**Exercise aim:**
The reply is to contain the full listing, repeated exactly, with pictures left out.

**Data provided:**
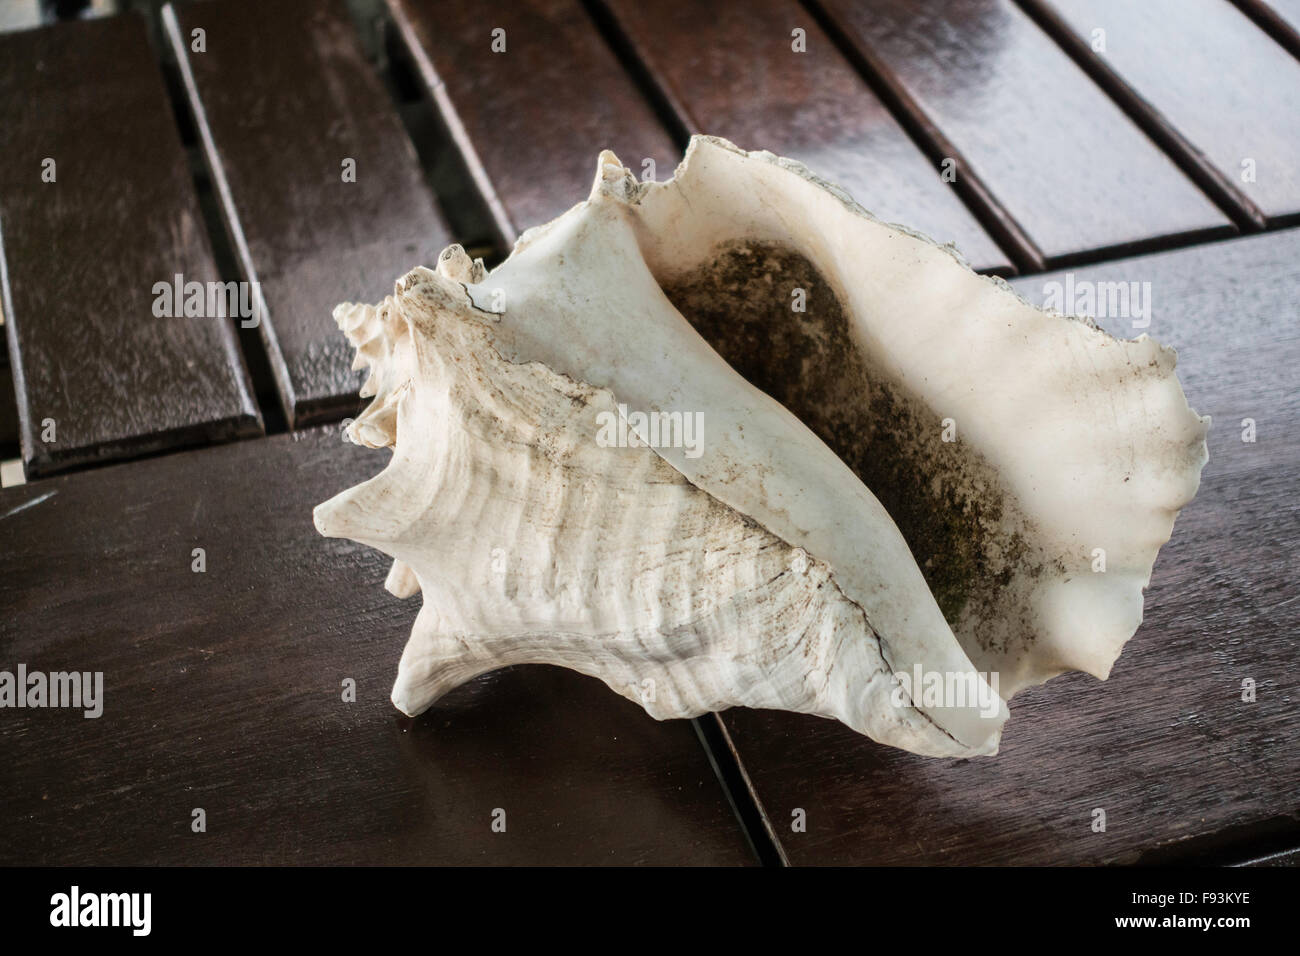 Une coquille de conque allongée sur une table en bois dans la région de Sainte Croix, Îles Vierges des États-Unis. USVI, U.S.V.I. Banque D'Images
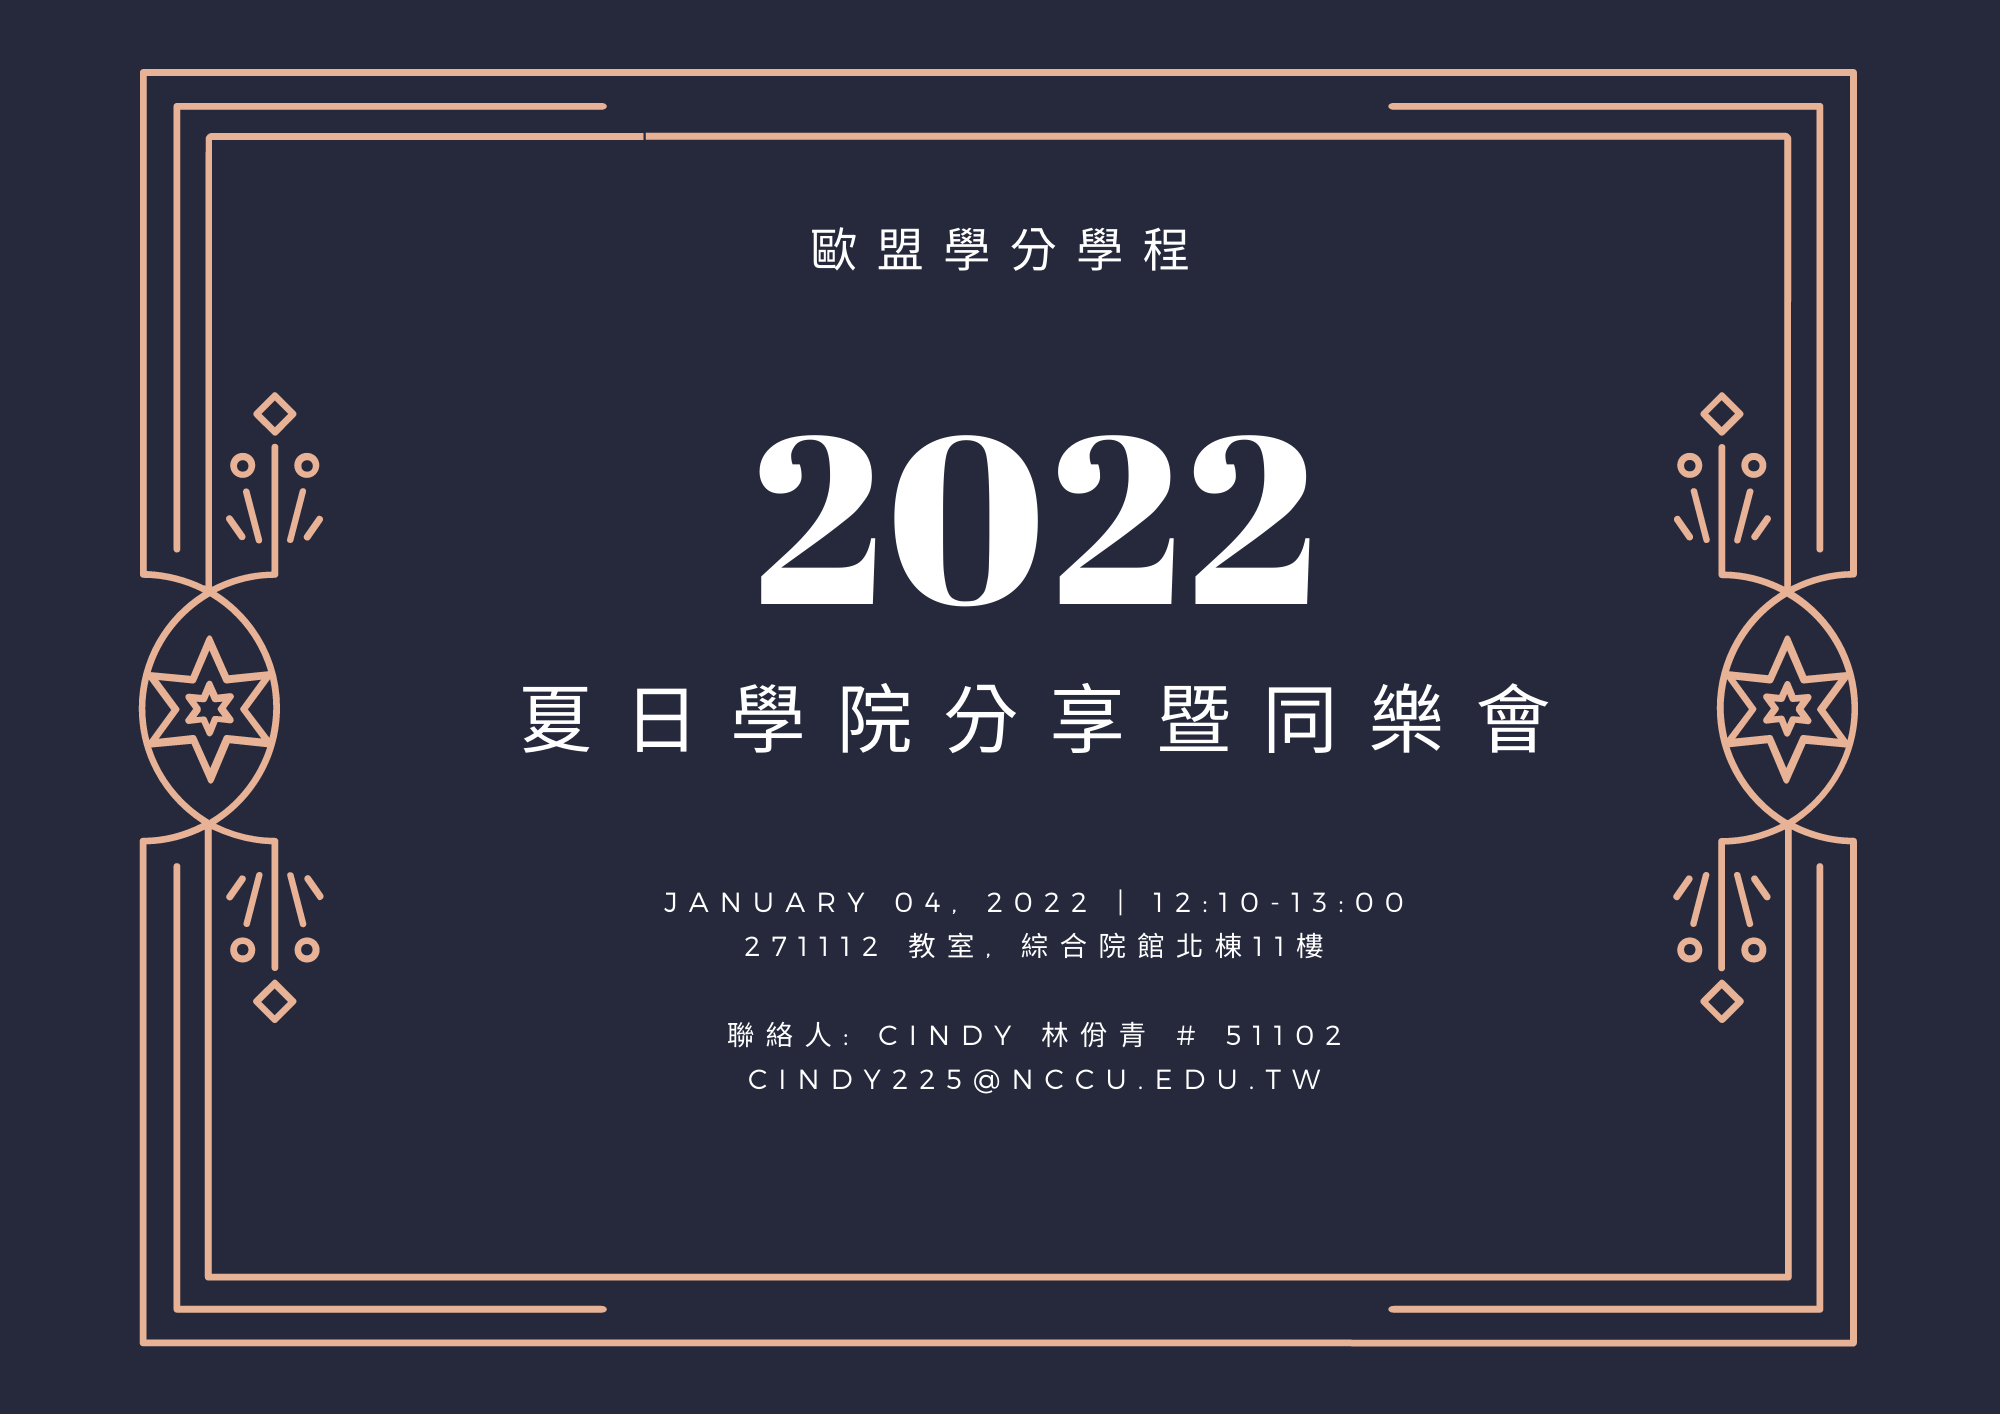 2022夏日學院分享暨同樂會
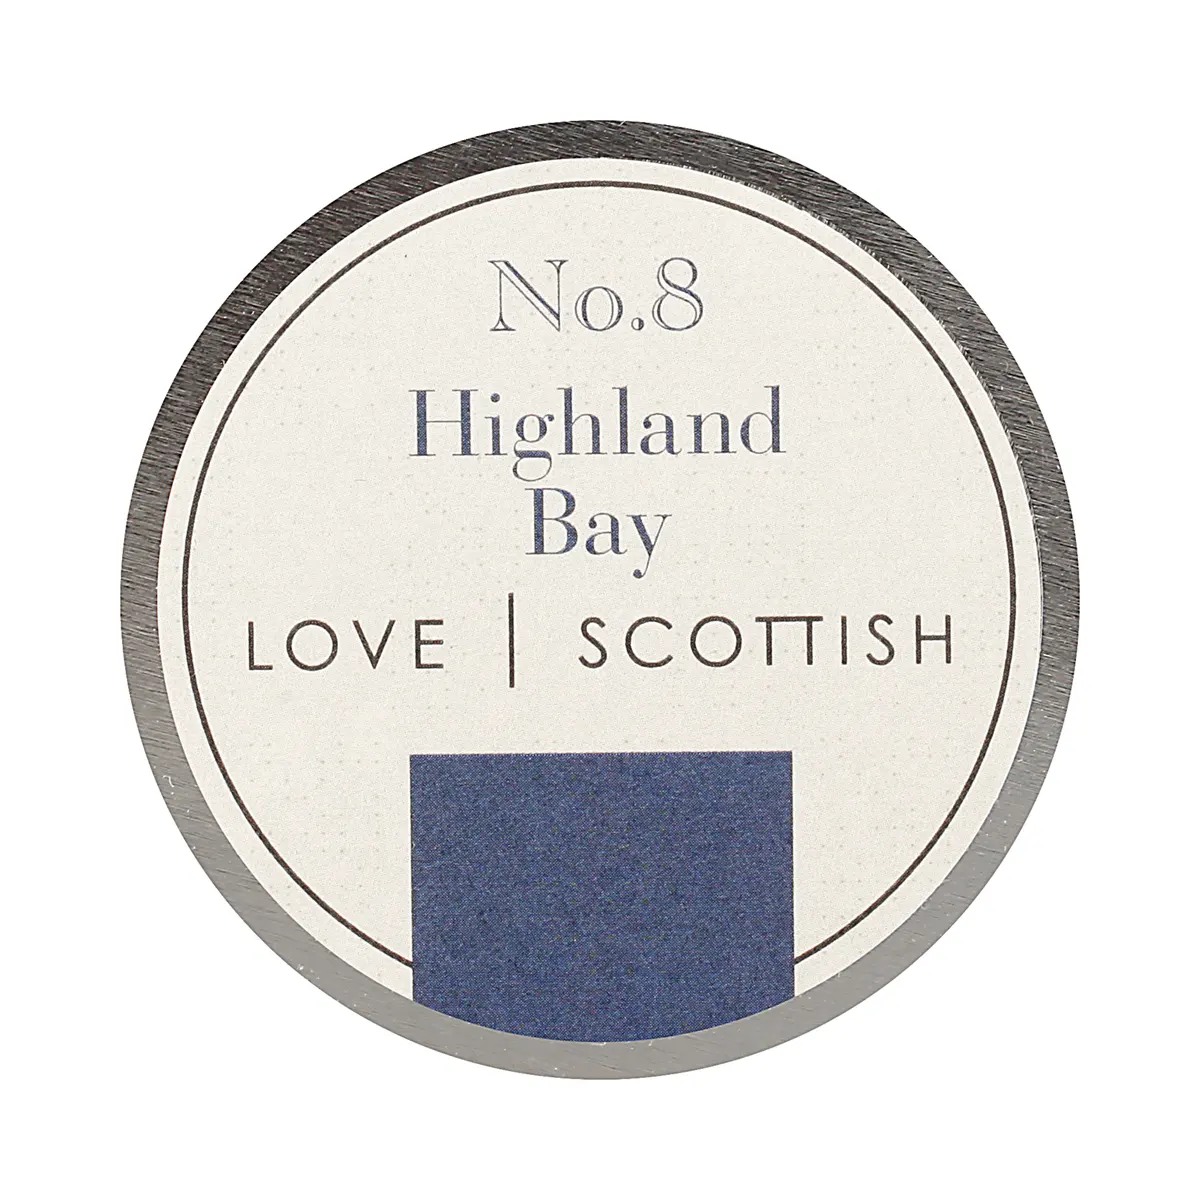 Love Scottish Travel Tin - Highland Bay - handgefertigte Duftkerze aus Kokoswachs

**Problem solution:**
 Une coquille de conque allongée sur une table en bois dans la région de Sainte Croix, Îles Vierges des États-Unis. USVI, U.S.V.I. Banque D'Images
 2022夏日學院分享暨同樂會
 Love Scottish Travel Tin - Highland Bay - handgefertigte Duftkerze aus Kokoswachs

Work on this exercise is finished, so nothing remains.